Aging and Metabolism Research Program, Oklahoma Medical Research Foundation Oklahoma City OK USA.
Department of Biochemistry and Molecular Physiology University of Oklahoma Health Sciences Center Oklahoma City OK USA.
J Am Heart Assoc. 2024 Apr 2;13(7):e033676. doi: 10.1161/JAHA.123.033676. Epub 2024 Mar 27.
Phosphofructo-2-kinase/fructose-2,6-bisphosphatase (PFK-2) is a critical glycolytic regulator responsible for upregulation of glycolysis in response to insulin and adrenergic signaling. PFKFB2, the cardiac isoform of PFK-2, is degraded in the heart in the absence of insulin signaling, contributing to diabetes-induced cardiac metabolic inflexibility. However, previous studies have not examined how the loss of PFKFB2 affects global cardiac metabolism and function.
To address this, we have generated a mouse model with a cardiomyocyte-specific knockout of PFKFB2 (cKO). Using 9-month-old cKO and control mice, we characterized the impacts of PFKFB2 on cardiac metabolism, function, and electrophysiology. cKO mice have a shortened life span of 9 months. Metabolically, cKO mice are characterized by increased glycolytic enzyme abundance and pyruvate dehydrogenase activity, as well as decreased mitochondrial abundance and beta oxidation, suggesting a shift toward glucose metabolism. This was supported by a decrease in the ratio of palmitoyl carnitine to pyruvate-dependent mitochondrial respiration in cKO relative to control animals. Metabolomic, proteomic, and Western blot data support the activation of ancillary glucose metabolism, including pentose phosphate and hexosamine biosynthesis pathways.
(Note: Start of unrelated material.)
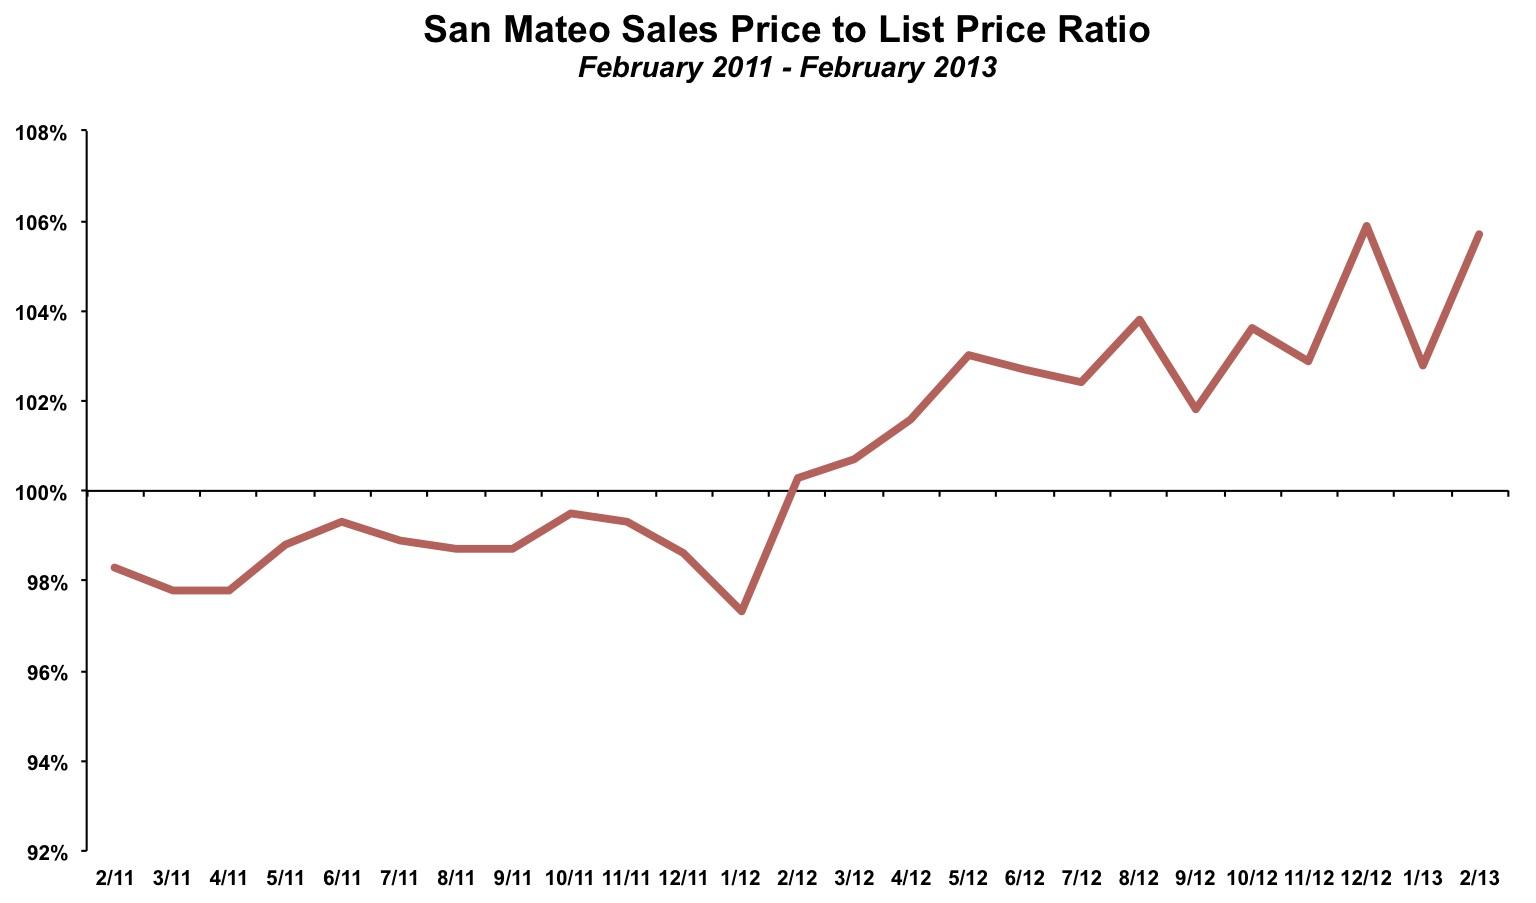 San Mateo Sales Price List Price February 2013

Physiologically, cKO animals exhibited impaired systolic function and left ventricular dilation, represented by reduced fractional shortening and increased left ventricular internal diameter, respectively. This was accompanied by electrophysiological alterations including increased QT interval and other metrics of delayed ventricular conduction.
Loss of PFKFB2 results in metabolic remodeling marked by cardiac ancillary pathway activation. This could delineate an underpinning of pathologic changes to mechanical and electrical function in the heart.
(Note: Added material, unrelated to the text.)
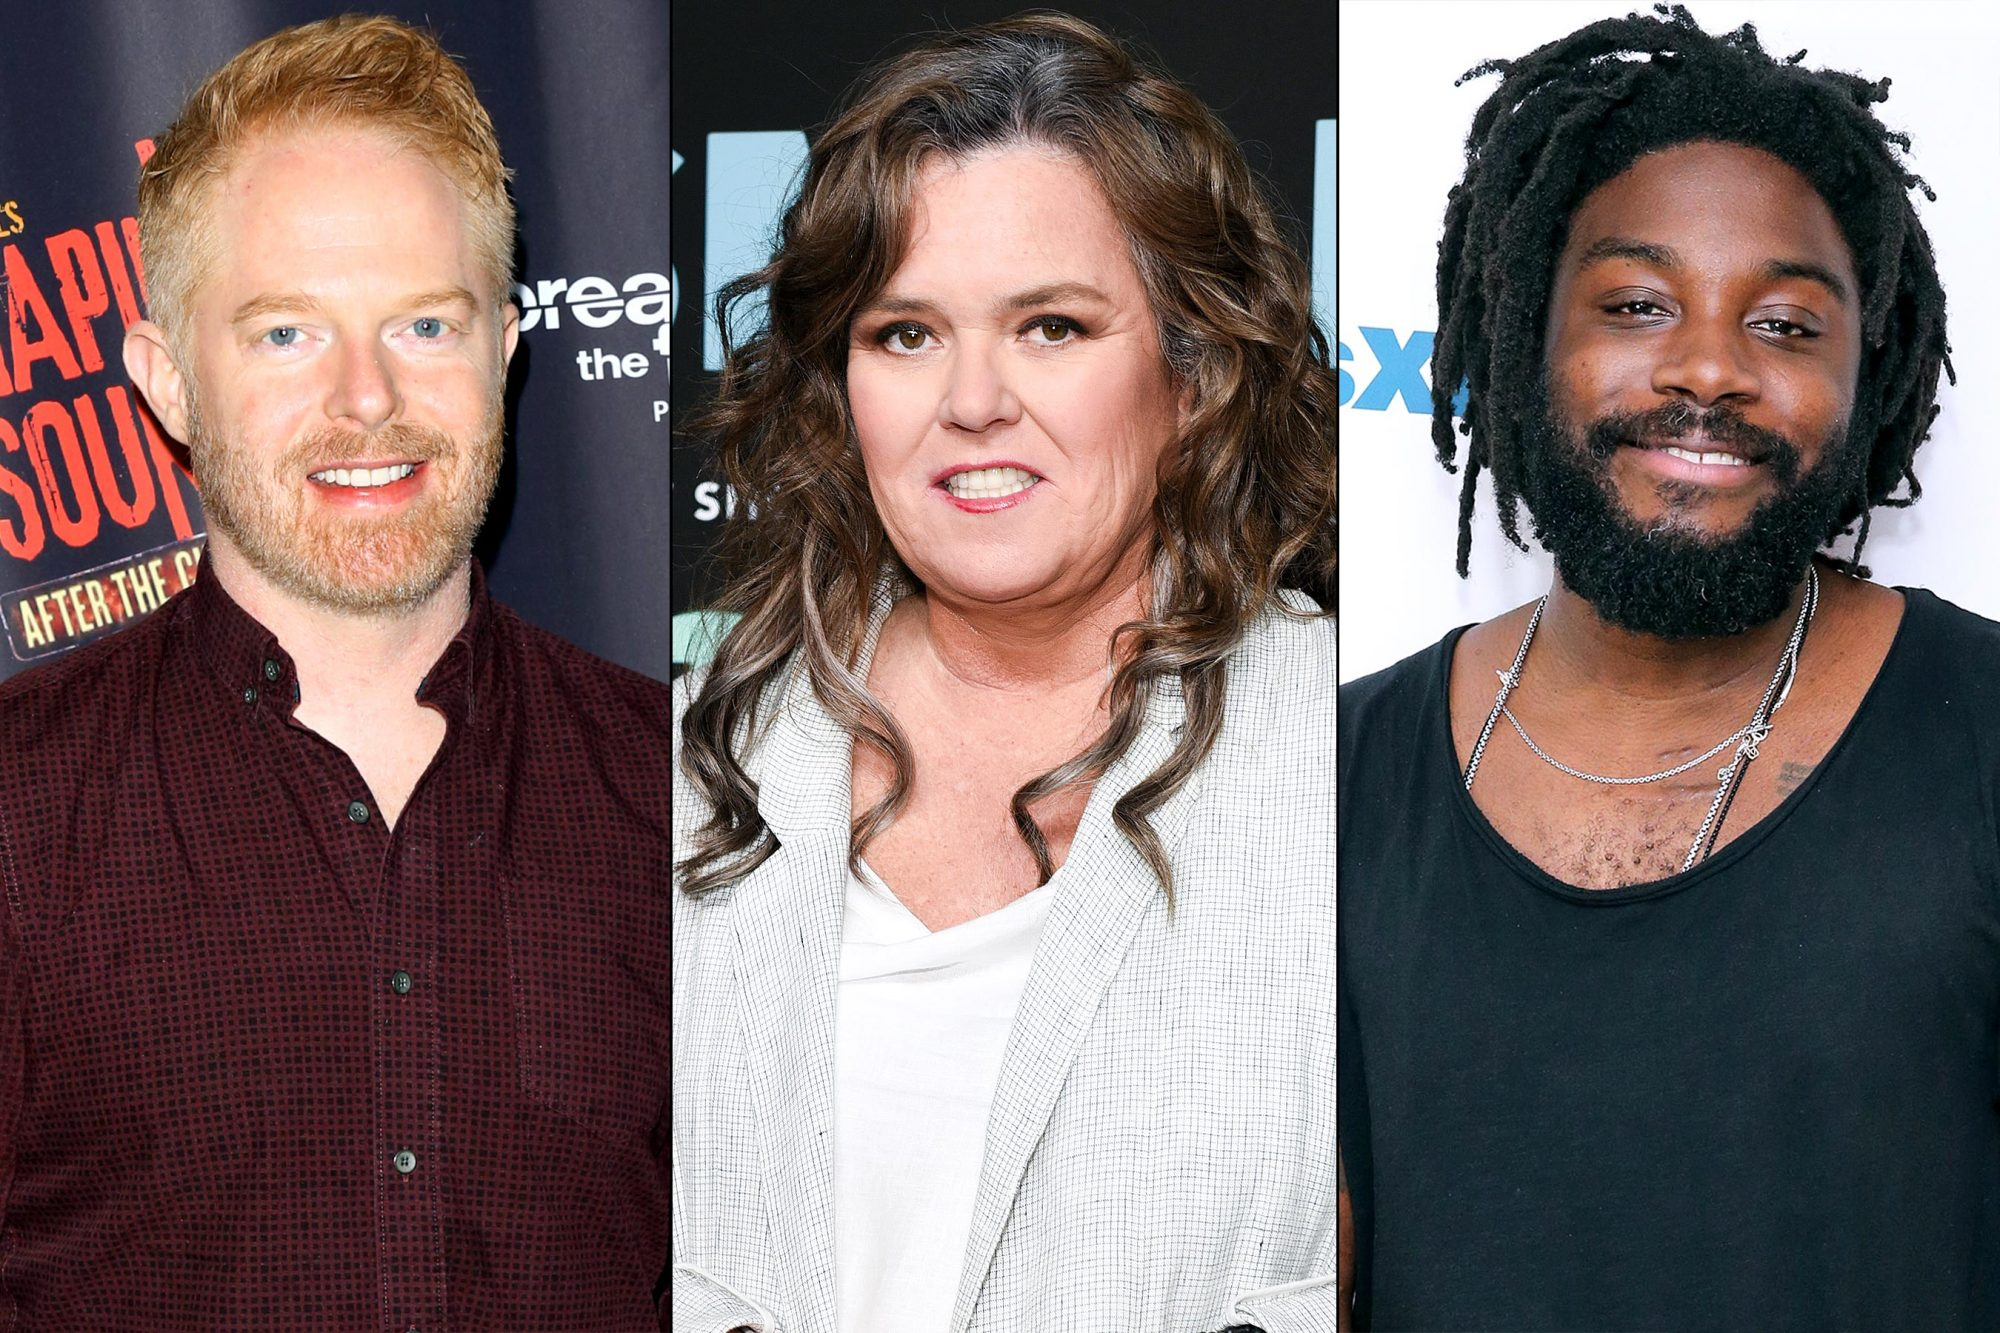 Jesse Tyler Ferguson / Rosie O'Donnell / Jason Reynolds

磷酸果糖-2-激酶/果糖-2,6-二磷酸酶(PFK-2)是一种关键的糖酵解调节因子,负责响应胰岛素和肾上腺素能信号上调糖酵解。PFKFB2 是 PFK-2 的心脏同工型,在没有胰岛素信号的情况下在心脏中降解,导致糖尿病引起的心脏代谢灵活性降低。然而,以前的研究并未检查 PFKFB2 的缺失如何影响心脏的整体代谢和功能。
为了解决这个问题,我们生成了一种心肌细胞特异性敲除 PFKFB2 的小鼠模型(cKO)。使用 9 个月大的 cKO 和对照小鼠,我们描述了 PFKFB2 对心脏代谢、功能和电生理学的影响。cKO 小鼠的寿命缩短到 9 个月。代谢上,cKO 小鼠的特征是糖酵解酶丰度和丙酮酸脱氢酶活性增加,以及线粒体丰度和β氧化减少,表明向葡萄糖代谢的转变。这得到了 cKO 相对于对照动物中棕榈酰肉碱与依赖于丙酮酸的线粒体呼吸的比值降低的支持。代谢组学、蛋白质组学和 Western blot 数据支持辅助葡萄糖代谢的激活,包括戊糖磷酸和己糖胺生物合成途径。生理上,cKO 动物表现出收缩功能受损和左心室扩张,表现为分数缩短减少和左心室内部直径增加。这伴随着电生理改变,包括 QT 间期延长和其他延迟心室传导的指标。
PFKFB2 的缺失导致代谢重塑,以心脏辅助途径的激活为标志。这可能阐明了心脏机械和电功能病理变化的基础。